But whether or not you know the provenance of a roux or what's in bearnaise sauce, there are plenty of "French" foods that have snuck into the American repertoire. But just how French are they, anyway?
Have you ever wondered if French fries were really invented in France, or what they call French onion soup in Paris? Find out how our perception of French food compares to the real thing and have some impressive trivia for your friends and family this Bastille Day.
You may be disappointed to learn that French fries were not, in fact, invented in France. Belgium lays claim to this culinary innovation. Some credit Thomas Jefferson with coining the term when he referred to "potatoes served in the French manner" in 1802 (apparently the term French fried was used at the time to refer to anything that was deep-fried). Despite the fact that they are not, in fact, French, fries are still very popular today in France, where they are called pommes frites.
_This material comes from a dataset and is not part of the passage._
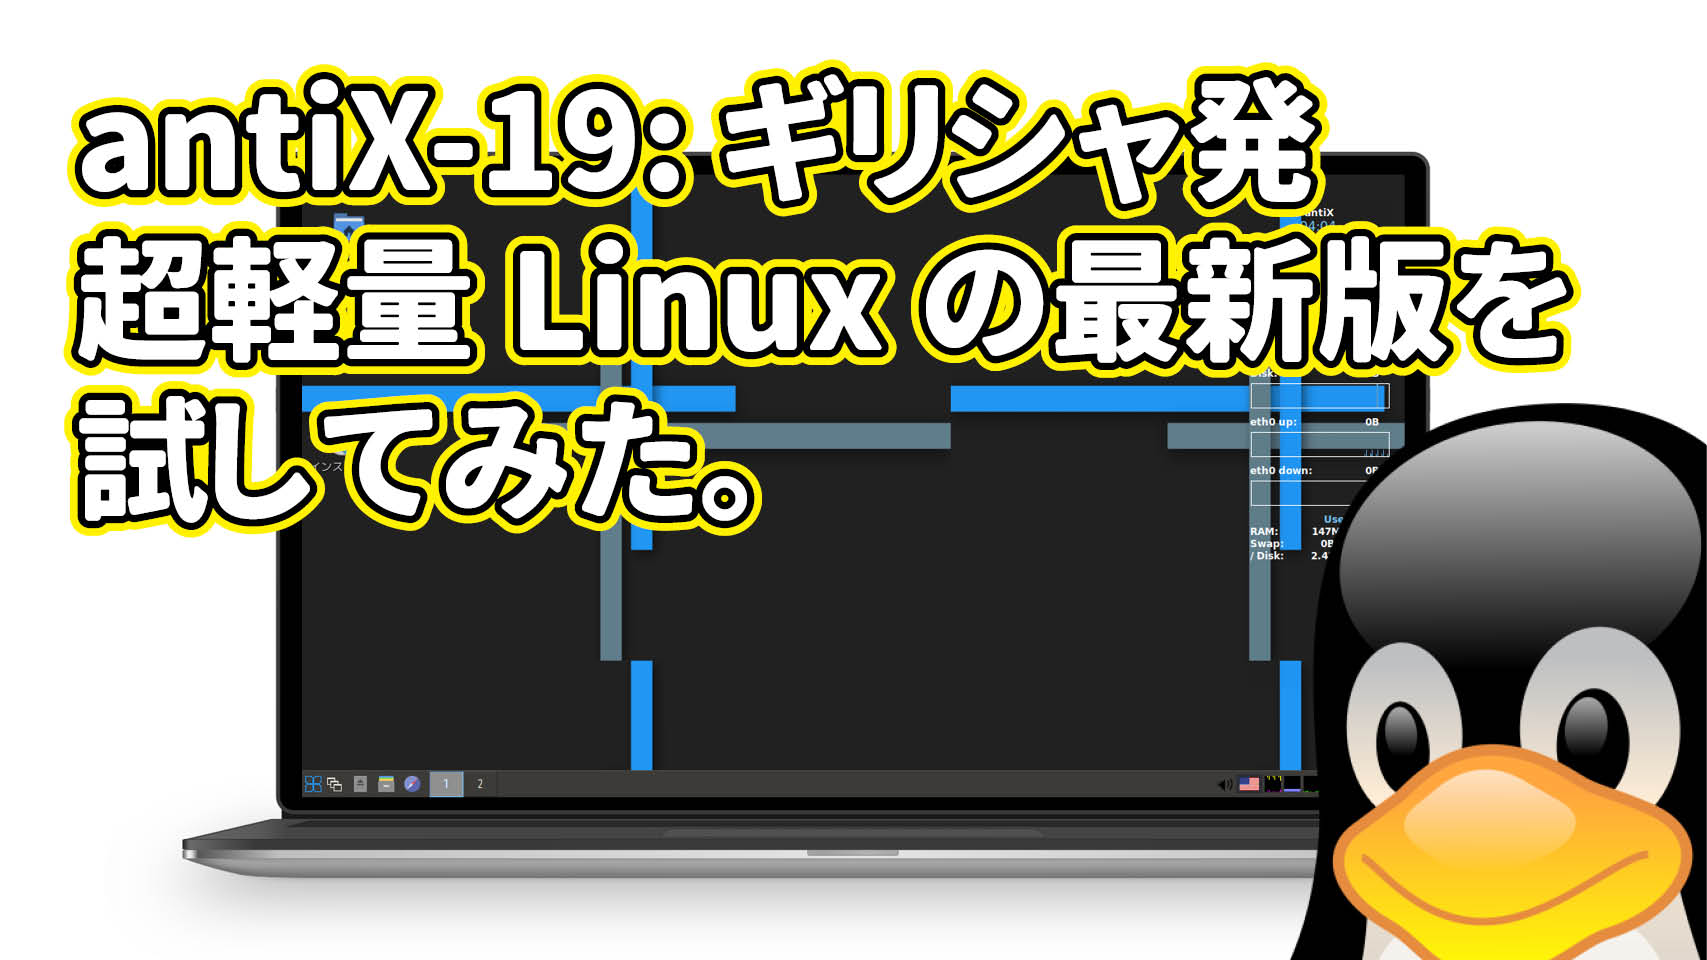 antiX-19: ギリシャ発の超軽量 Linux を試してみた。

In contrast, French onion soup is actually from France originally. According to Wikipedia, "although ancient in origin, this dish underwent a resurgence of popularity in the 1960s in the United States due to a greater interest in French cuisine." Traditionally made with caramelized onions and beef stock and topped with toasted bread and melted gruyere cheese, in the U.S., you'll often find all manner of cheeses on top. Should you end up in Paris, look for soup a l'oignon on menus (simply onion soup).
French toast has much murkier origins, but it can actually be traced all the way back to ancient Roman times! Some say it is a French invention, where it is called pain perdu. Traditionally in France, as well as England, Spain, Germany and other countries, it was a way to put stale bread to good use. In both the U.S. and France, stale bread is typically soaked in a mixture of eggs, milk, sugar and, sometimes, cinnamon and vanilla before being fried and served as brunch fare.
The French are known for their baking, and bread is elevated to a work of art. In the U.S., you can often purchase a loaf of "French bread," but this is a far cry from the crusty baguettes that the French are so proud of. Many American bakeries have learned the secret of the baguette, however, which is considered the true French bread and an emblem of French culture.